Kowald Axel, Schmeier Sebastian
Protagen AG, Dortmund, Germany.
Methods Mol Biol. 2011;696:305-18. doi: 10.1007/978-1-60761-987-1_19.
The yearly output of scientific papers is constantly rising and makes it often impossible for the individual researcher to keep up. Text mining of scientific publications is, therefore, an interesting method to automate knowledge and data retrieval from the literature. In this chapter, we discuss specific tasks required for text mining, including their problems and limitations. The second half of the chapter demonstrates the various aspects of text mining using a practical example.
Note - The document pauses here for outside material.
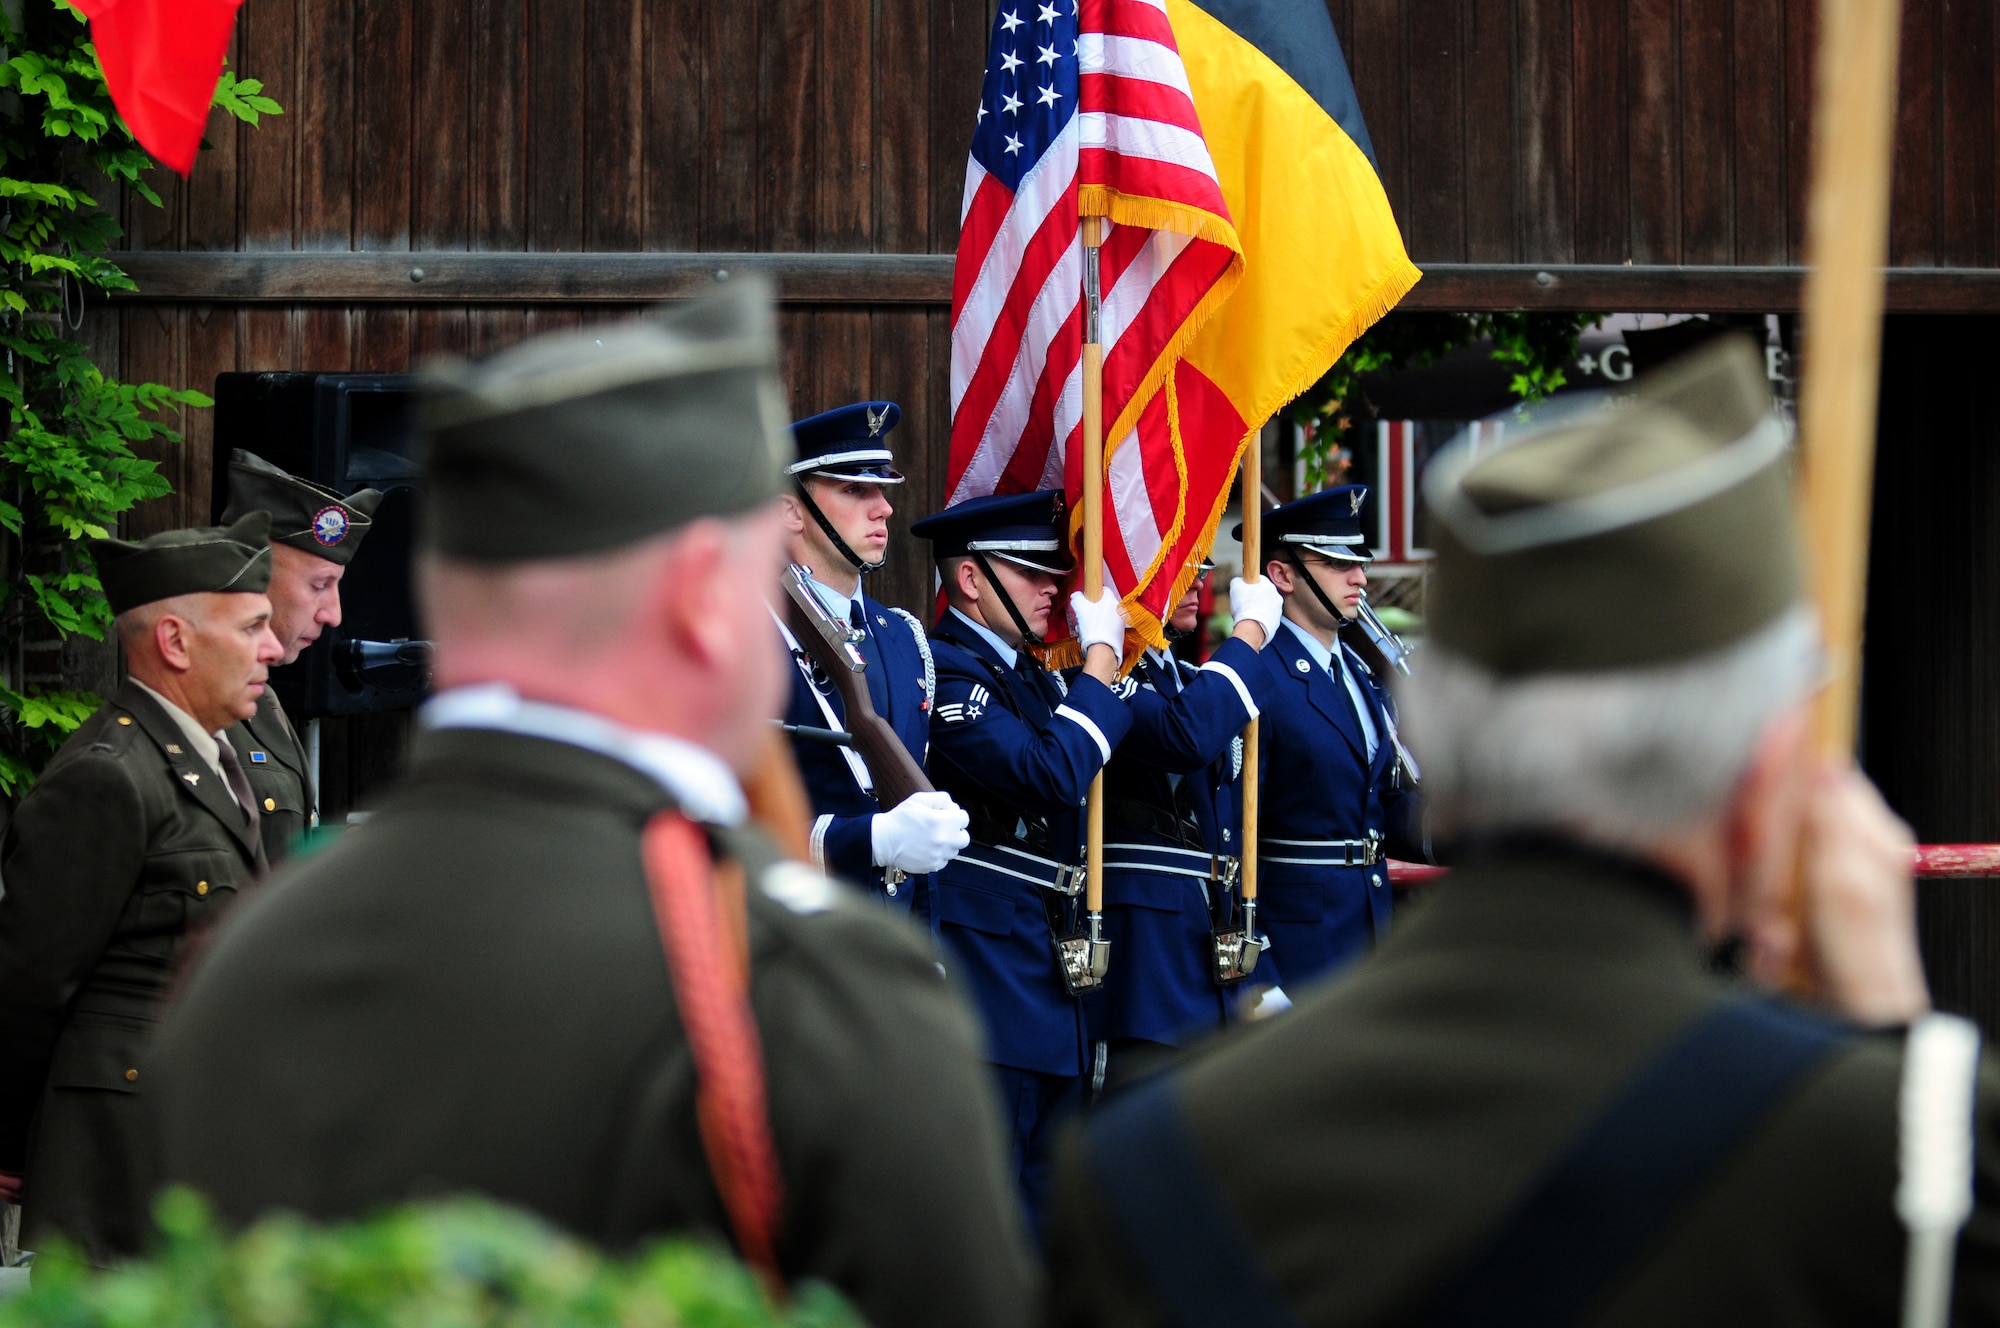 BORLO, Belgium – 52nd Fighter Wing Honor Guard members stand at attention before posting the colors during a 9-11 memorial ceremony here Sept. 11. U.S. service members and Belgian World War II Honor Guard Team members, along with the local community, participated in this ceremony as part of the Belgian Open Monument Day in remembrance of the victims of the Sept. 11, 2001 terrorist attacks on the United States. (U.S. Air Force photo/Airman 1st Class Matthew B. Fredericks)

Publications are transformed into a vector space representation and then support vector machines are used to classify papers depending on their content of kinetic parameters, which are required for model building in systems biology.
科学论文的年产量持续增长,这常常使单个研究人员难以跟上。因此,科学出版物的文本挖掘是一种从文献中自动获取知识和数据的有趣方法。在本章中,我们将讨论文本挖掘所需的特定任务,包括其问题和局限性。本章后半部分通过一个实际例子展示了文本挖掘的各个方面。出版物被转换为向量空间表示形式,然后使用支持向量机根据系统生物学模型构建所需的动力学参数内容对论文进行分类。